* [EXERCISE DIRECTIONS] Below are the records; give again exactly the lines from the one containing "My Superficial Endeavors: My" through the one containing "Ingrid Rossellini, Isabella", leaving out pictures.

* [SUPPLIED RECORDS]

++++++++

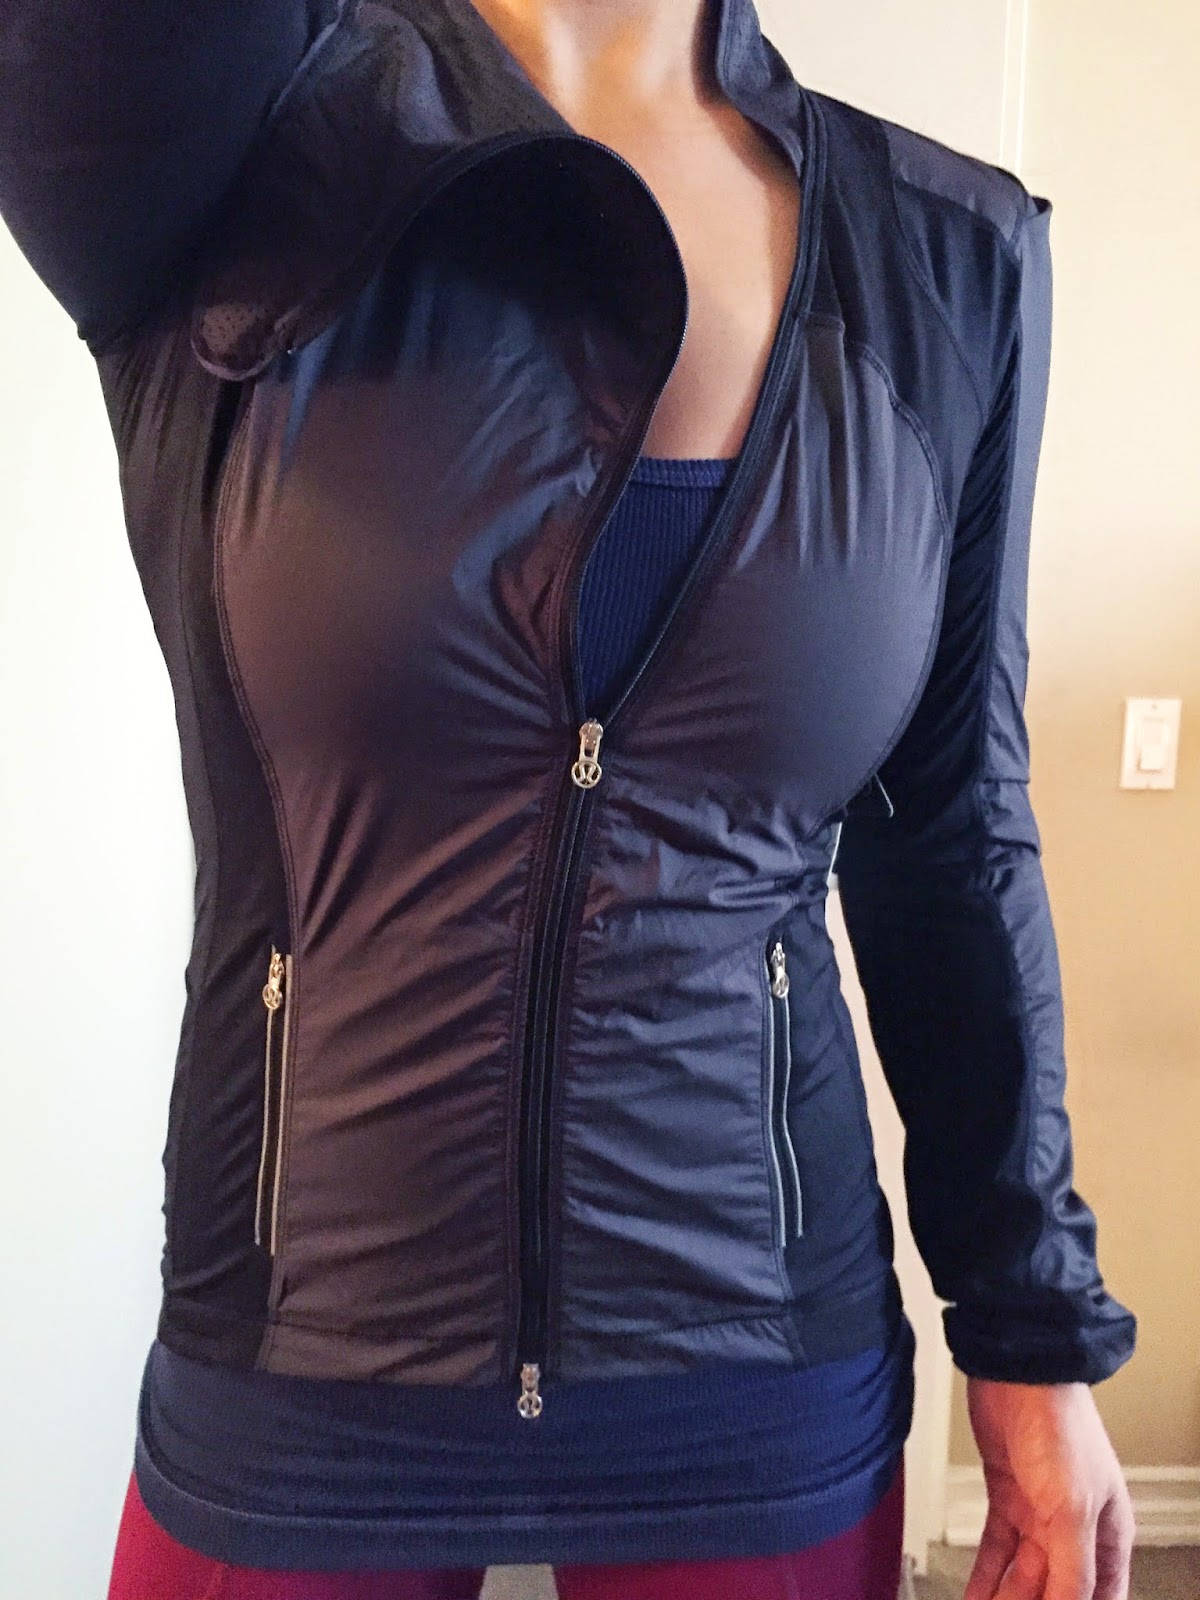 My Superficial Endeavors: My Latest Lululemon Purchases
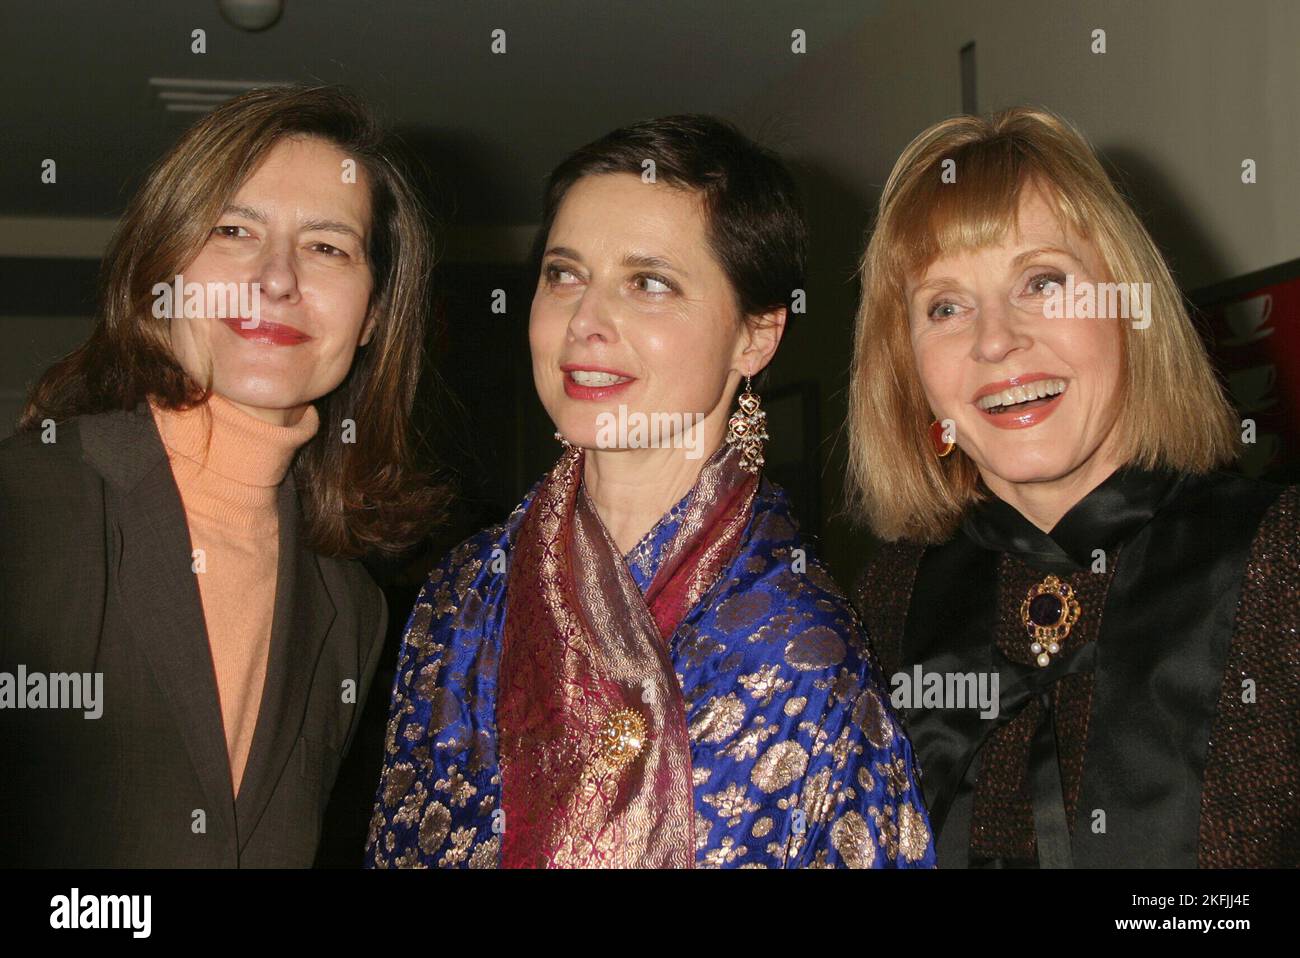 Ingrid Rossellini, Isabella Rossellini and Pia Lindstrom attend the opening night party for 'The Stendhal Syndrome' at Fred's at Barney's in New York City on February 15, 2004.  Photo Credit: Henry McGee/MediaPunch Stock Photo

++++++++

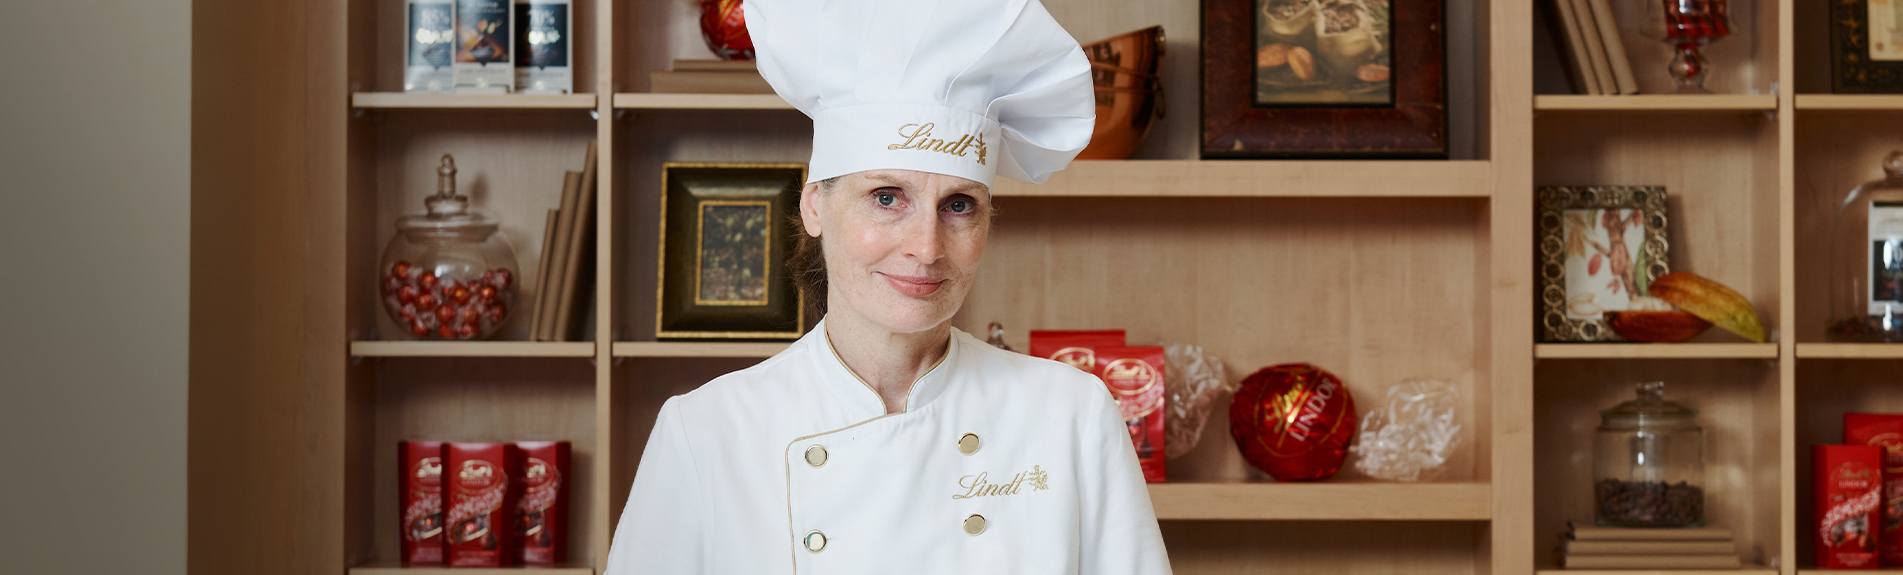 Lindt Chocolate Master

++++++++

* [OUTPUT FOR THIS EXERCISE]
 My Superficial Endeavors: My Latest Lululemon Purchases
 Ingrid Rossellini, Isabella Rossellini and Pia Lindstrom attend the opening night party for 'The Stendhal Syndrome' at Fred's at Barney's in New York City on February 15, 2004.  Photo Credit: Henry McGee/MediaPunch Stock Photo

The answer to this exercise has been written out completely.